Reputation: 781
Is there a way on aarch64 to load a single byte from memory into a register without zero extending it? I know LDRB for example zero extends.
Upvotes: 0
Views: 226
Reputation: 58558
Not directly. A general principle of the ARM instruction set is that, for the majority of instructions, the destination register is completely overwritten. One benefit of this is that the instruction does not incur a read dependency on the destination register, making it more efficient to execute out-of-order.
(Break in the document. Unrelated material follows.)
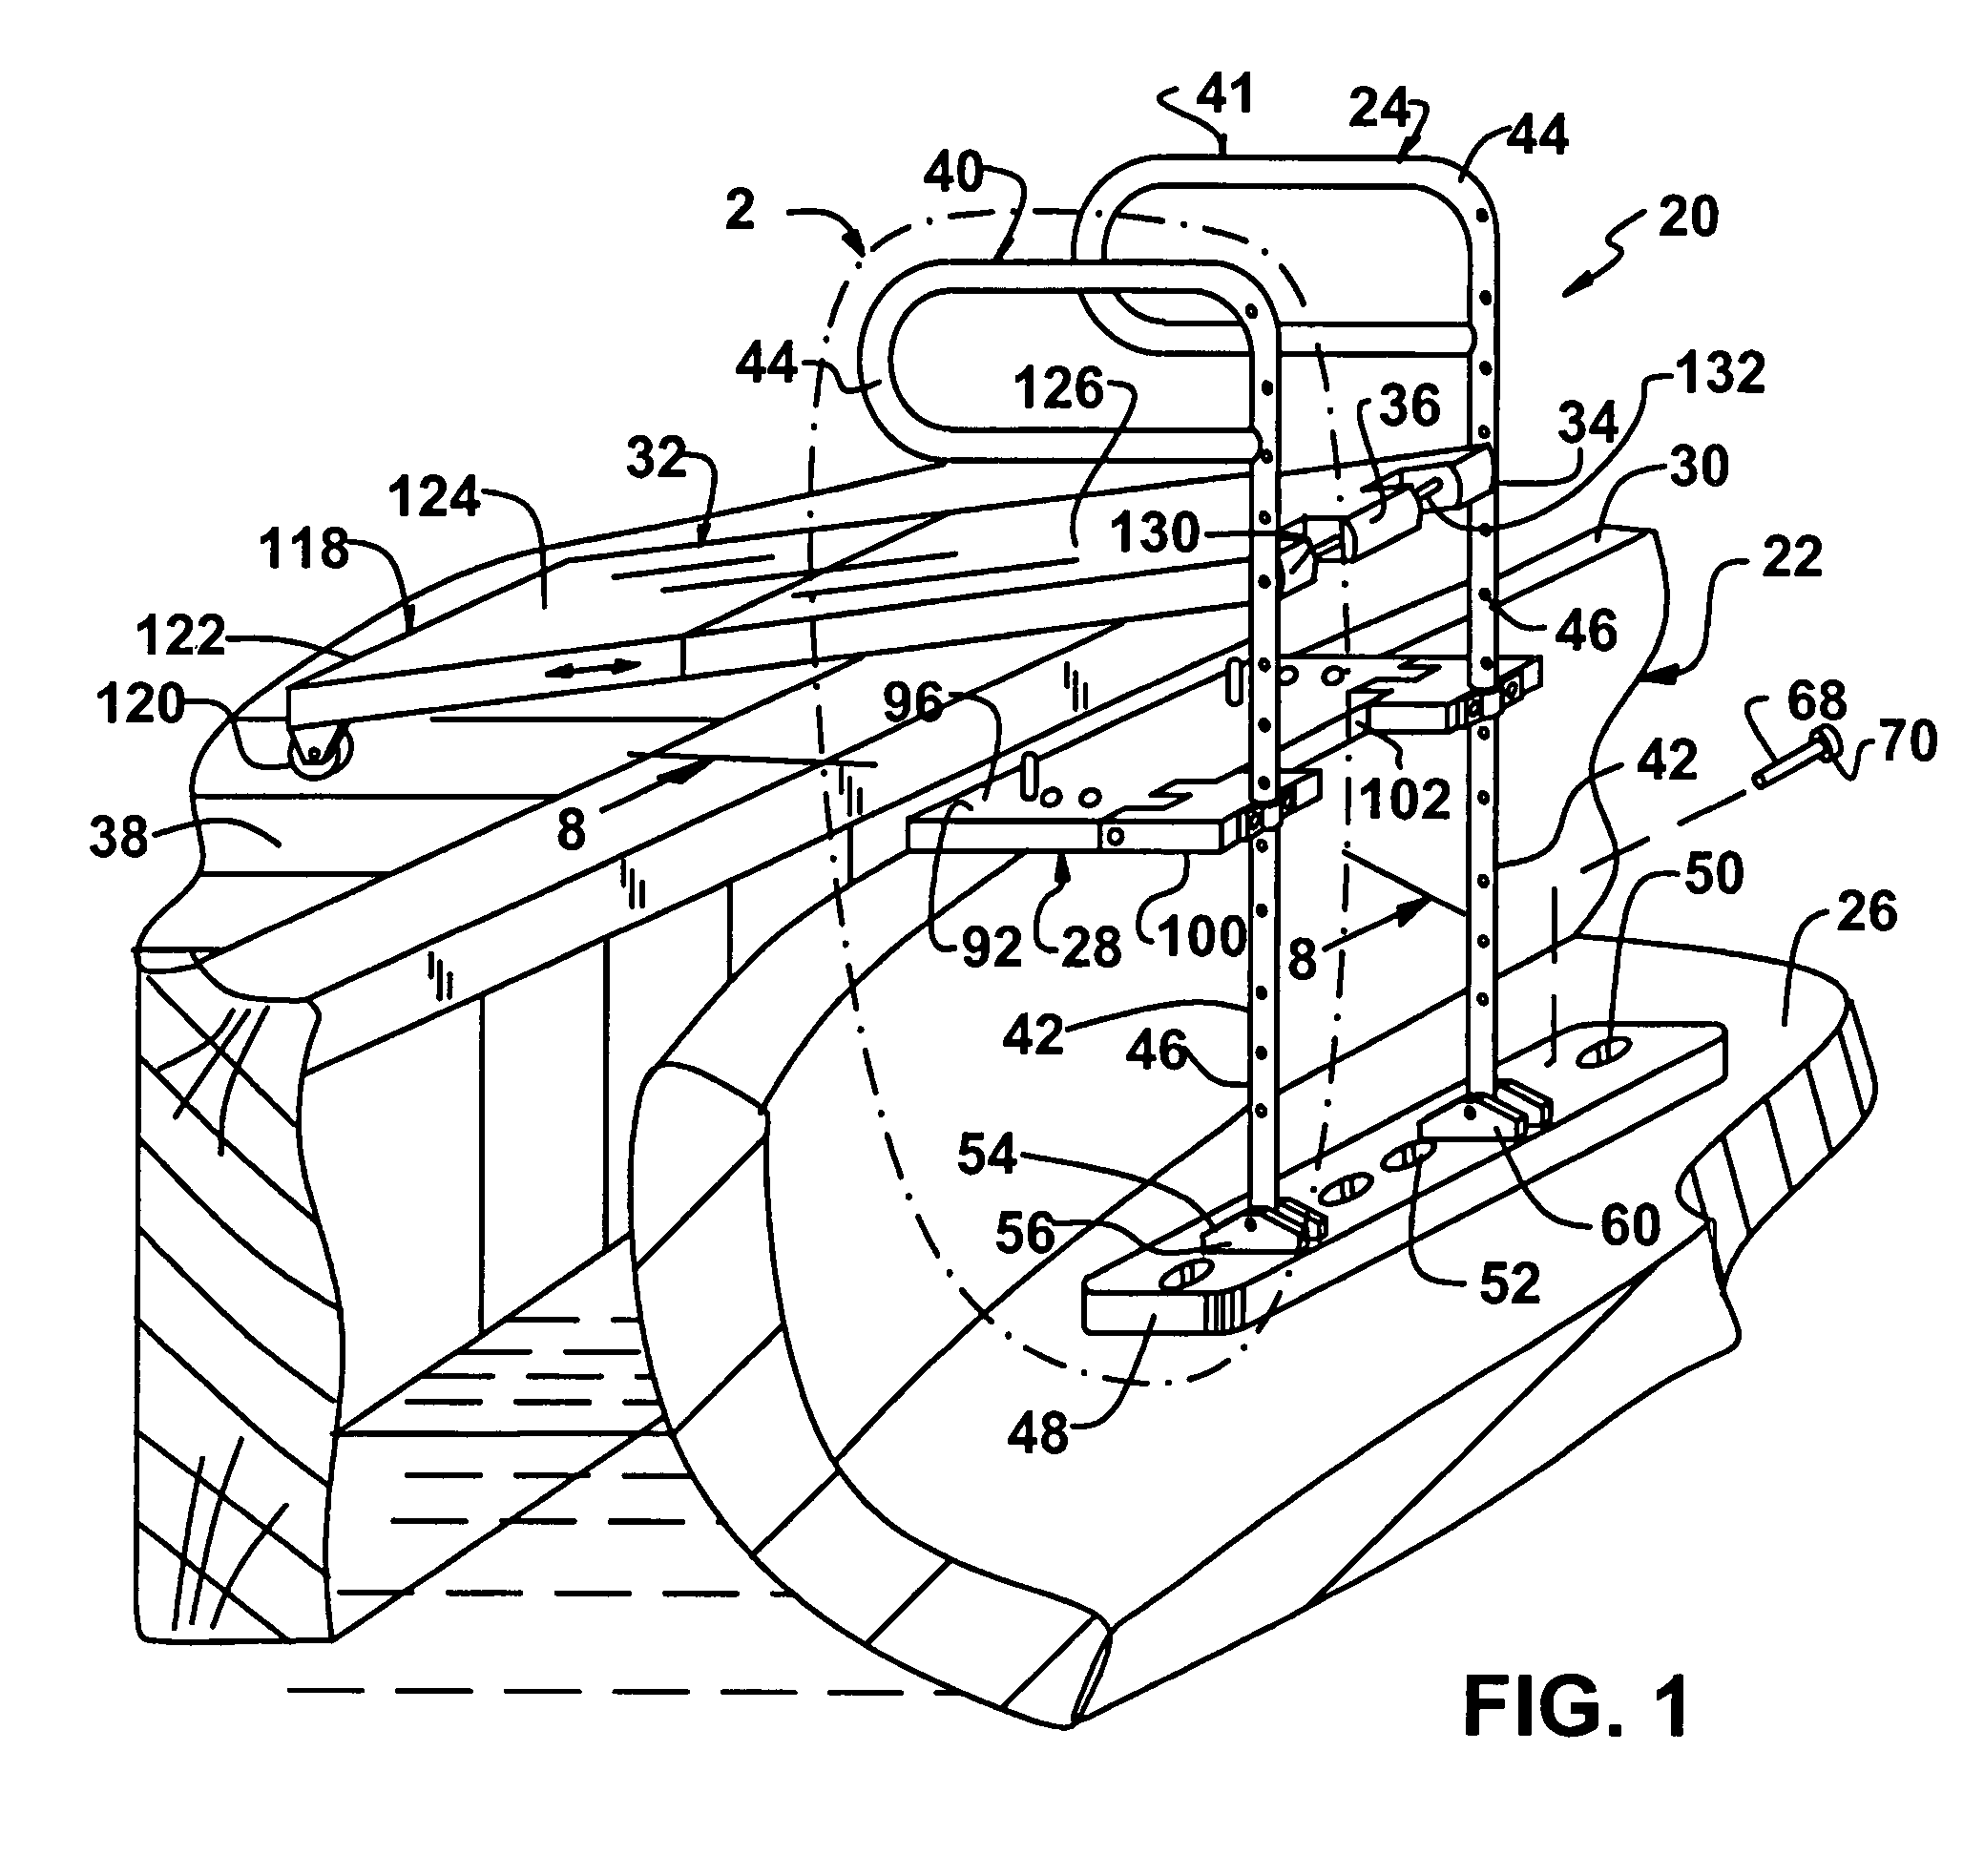 Gangplank system for facilitating safe boarding and disembarking from a boat

So when you read a single byte from memory, the remaining 56 bits of the destination register has to be overwritten with something. Your options are:
ldrb w0, [x1] // bits 8:63 of x0 are cleared
ldrsb w0, [x1] // bits 8:31 set equal to bit 7, bits 32:63 are cleared
ldrsb x0, [x1] // bits 8:63 set equal to bit 7
If you want to do something else with the high bits, you'll need one or more extra instructions. For instance, if you want your loaded byte in the low 8 bits of a particular register while keeping bits 8:63 the same, you could do
ldrb w2, [x1]
bfi x0, x2, #0, #8
You can insert it at some other position besides #0
if you want. But you do need a scratch register (here x2
) for the load instruction itself. (Note bfi
and its relatives are an exception to the principle mentioned above, in that they do "merge" into the destination register.)
On the SIMD side, it is possible to use ld1
to load into a particular lane of a SIMD register, keeping the remaining lanes unchanged. So you could do
ld1 v0.b[11], [x1]
to load a byte into element 11 of SIMD register 0.
Upvotes: 3